EXERCISE DESCRIPTION:
Restate the listing that follows word for word, without its pictures.

--- EXERCISE DATA Enclosed Below ---

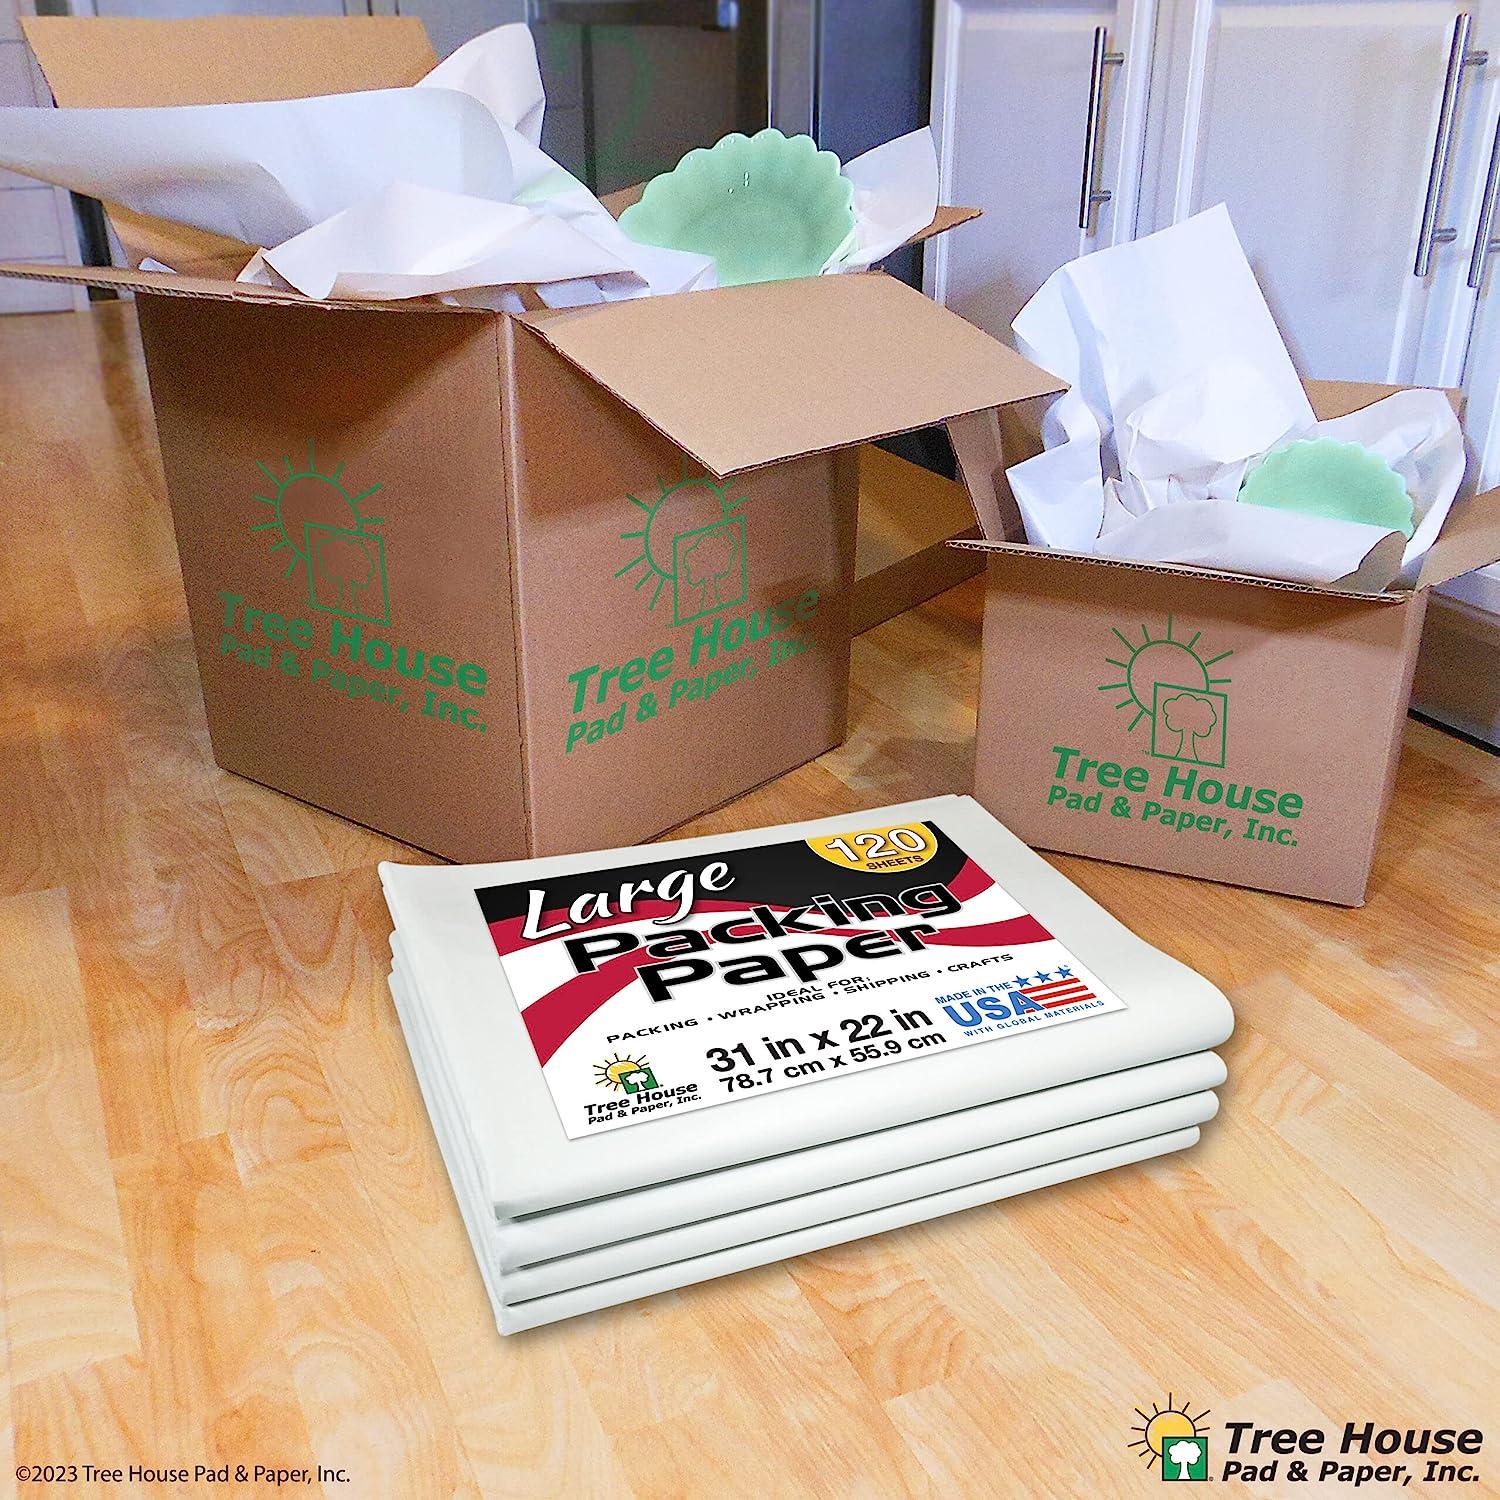 Packing Paper for Moving,120 Sheets Newsprint Paper Sheets for
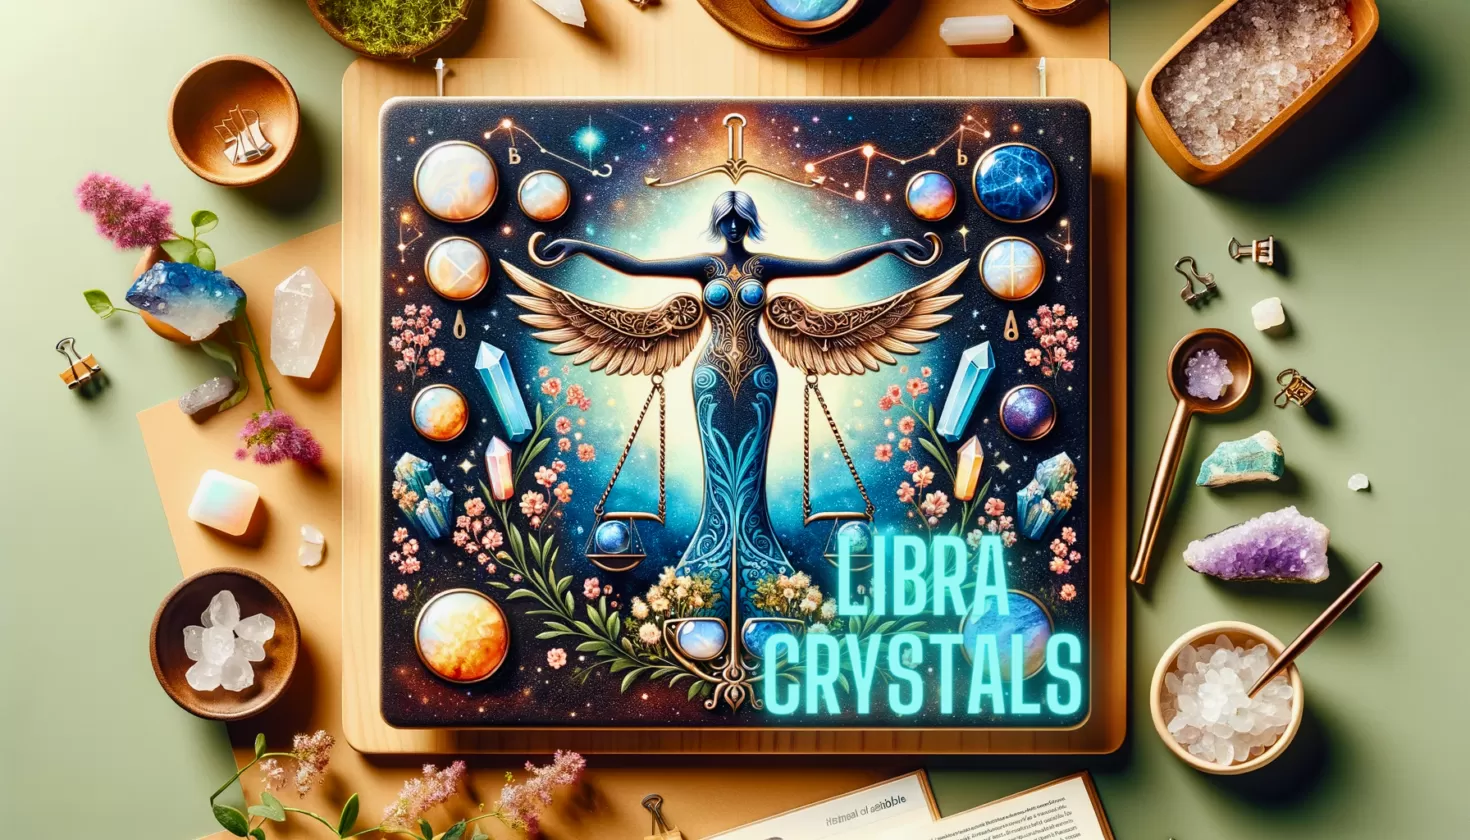 Collection of healing crystals for Libra including opal and sapphire, with symbolic scales and constellation imagery
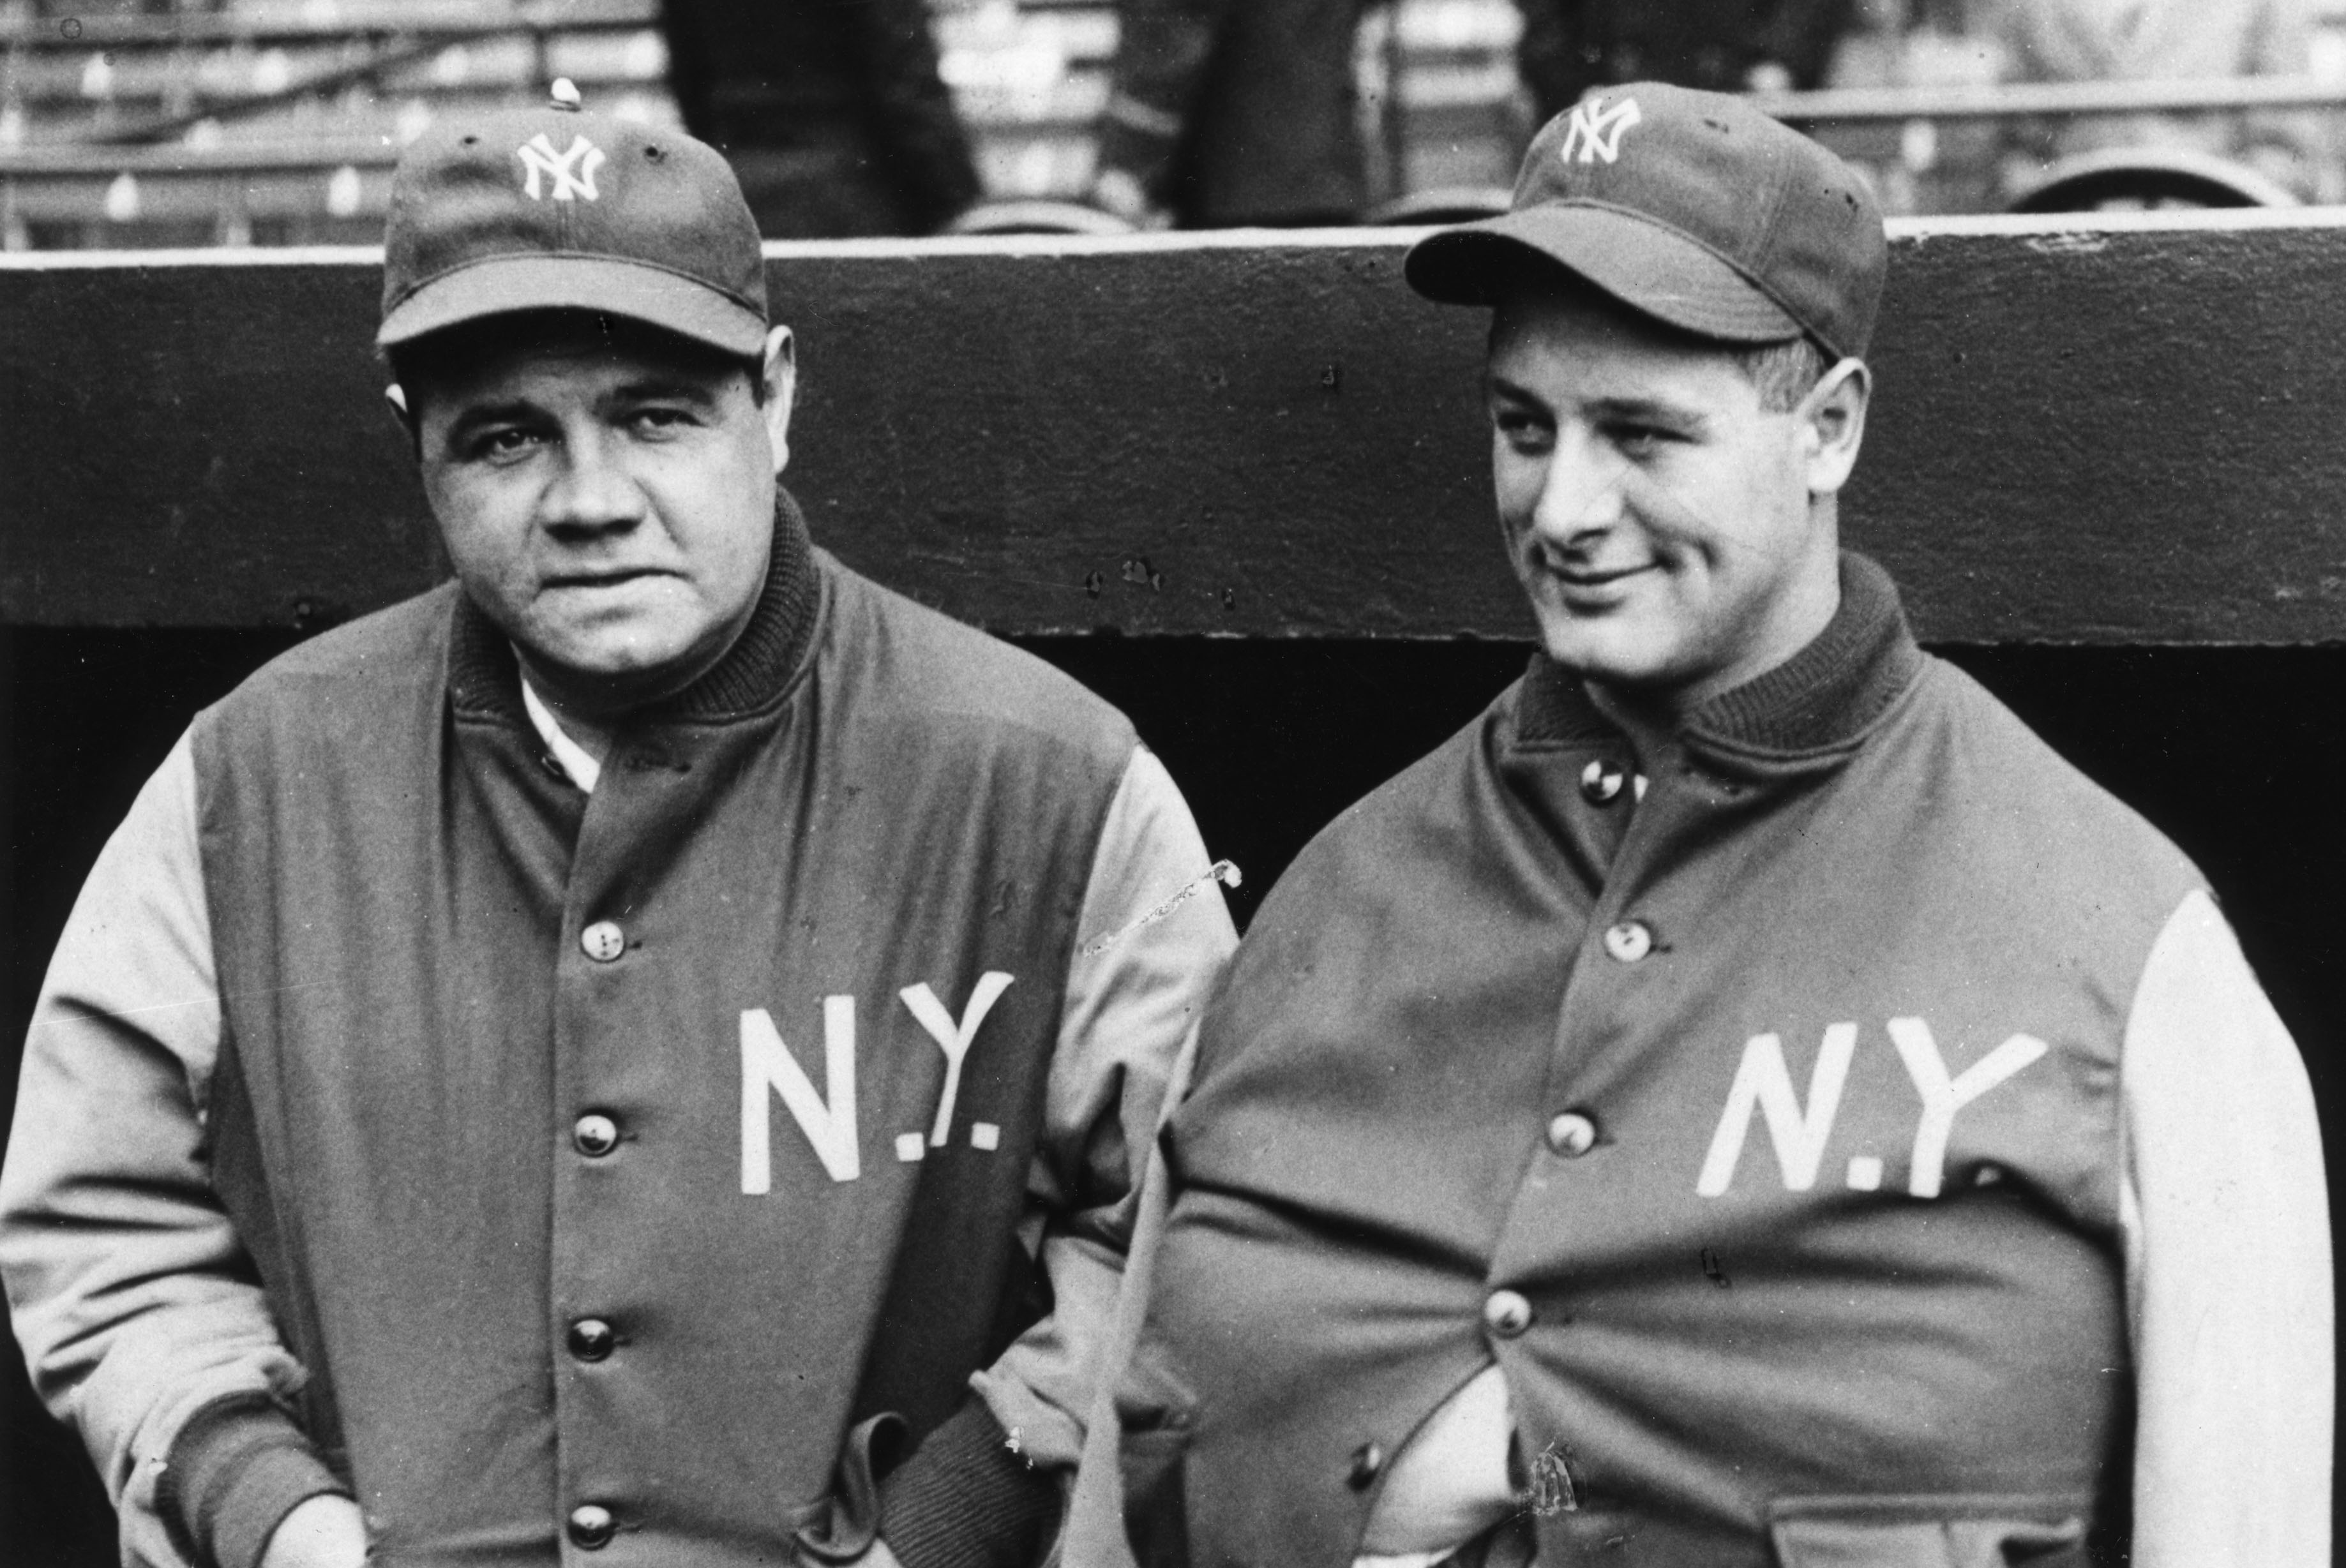 Babe Ruth Lou Gehrig 1929

--- End of Enclosed EXERCISE DATA ---

SOLUTION TO THIS PROBLEM:
 Packing Paper for Moving,120 Sheets Newsprint Paper Sheets for
 Collection of healing crystals for Libra including opal and sapphire, with symbolic scales and constellation imagery
 Babe Ruth Lou Gehrig 1929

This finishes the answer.